Everything from the first line of the entries through the line containing "Moose & Forest" is to be retyped exactly, and nothing beyond it.
(Beginning of Records for the exercise)
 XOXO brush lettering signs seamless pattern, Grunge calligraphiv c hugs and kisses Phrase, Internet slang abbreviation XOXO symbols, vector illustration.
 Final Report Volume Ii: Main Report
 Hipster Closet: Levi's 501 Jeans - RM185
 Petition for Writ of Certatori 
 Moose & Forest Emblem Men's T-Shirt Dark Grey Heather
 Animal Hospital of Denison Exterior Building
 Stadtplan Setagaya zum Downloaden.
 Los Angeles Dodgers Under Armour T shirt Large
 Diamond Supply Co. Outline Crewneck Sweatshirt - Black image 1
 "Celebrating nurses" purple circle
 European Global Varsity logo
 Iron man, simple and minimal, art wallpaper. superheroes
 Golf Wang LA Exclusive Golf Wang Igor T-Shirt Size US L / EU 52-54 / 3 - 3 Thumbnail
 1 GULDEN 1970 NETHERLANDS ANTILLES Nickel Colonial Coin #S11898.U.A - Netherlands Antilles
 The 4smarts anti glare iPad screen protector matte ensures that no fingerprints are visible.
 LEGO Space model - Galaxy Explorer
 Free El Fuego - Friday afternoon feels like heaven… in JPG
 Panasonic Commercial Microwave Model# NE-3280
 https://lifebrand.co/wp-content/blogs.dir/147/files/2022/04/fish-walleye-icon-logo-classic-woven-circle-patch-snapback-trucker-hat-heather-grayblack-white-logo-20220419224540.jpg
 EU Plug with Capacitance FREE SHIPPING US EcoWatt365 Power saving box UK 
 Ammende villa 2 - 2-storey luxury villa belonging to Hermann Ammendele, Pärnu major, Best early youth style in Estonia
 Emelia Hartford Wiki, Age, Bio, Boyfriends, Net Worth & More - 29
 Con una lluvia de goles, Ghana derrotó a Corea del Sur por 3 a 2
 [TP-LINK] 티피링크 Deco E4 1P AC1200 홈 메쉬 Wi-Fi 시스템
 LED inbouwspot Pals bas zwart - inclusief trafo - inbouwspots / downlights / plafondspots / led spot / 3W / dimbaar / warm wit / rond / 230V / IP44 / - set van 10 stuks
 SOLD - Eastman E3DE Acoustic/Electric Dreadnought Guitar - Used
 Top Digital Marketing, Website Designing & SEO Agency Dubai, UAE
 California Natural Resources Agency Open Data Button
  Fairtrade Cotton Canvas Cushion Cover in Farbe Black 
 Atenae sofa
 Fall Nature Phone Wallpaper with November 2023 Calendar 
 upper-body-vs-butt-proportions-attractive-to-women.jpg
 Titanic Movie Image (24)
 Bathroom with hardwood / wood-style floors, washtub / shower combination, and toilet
(End of Records for the exercise)
Reply to the task:
 XOXO brush lettering signs seamless pattern, Grunge calligraphiv c hugs and kisses Phrase, Internet slang abbreviation XOXO symbols, vector illustration.
 Final Report Volume Ii: Main Report
 Hipster Closet: Levi's 501 Jeans - RM185
 Petition for Writ of Certatori 
 Moose & Forest Emblem Men's T-Shirt Dark Grey Heather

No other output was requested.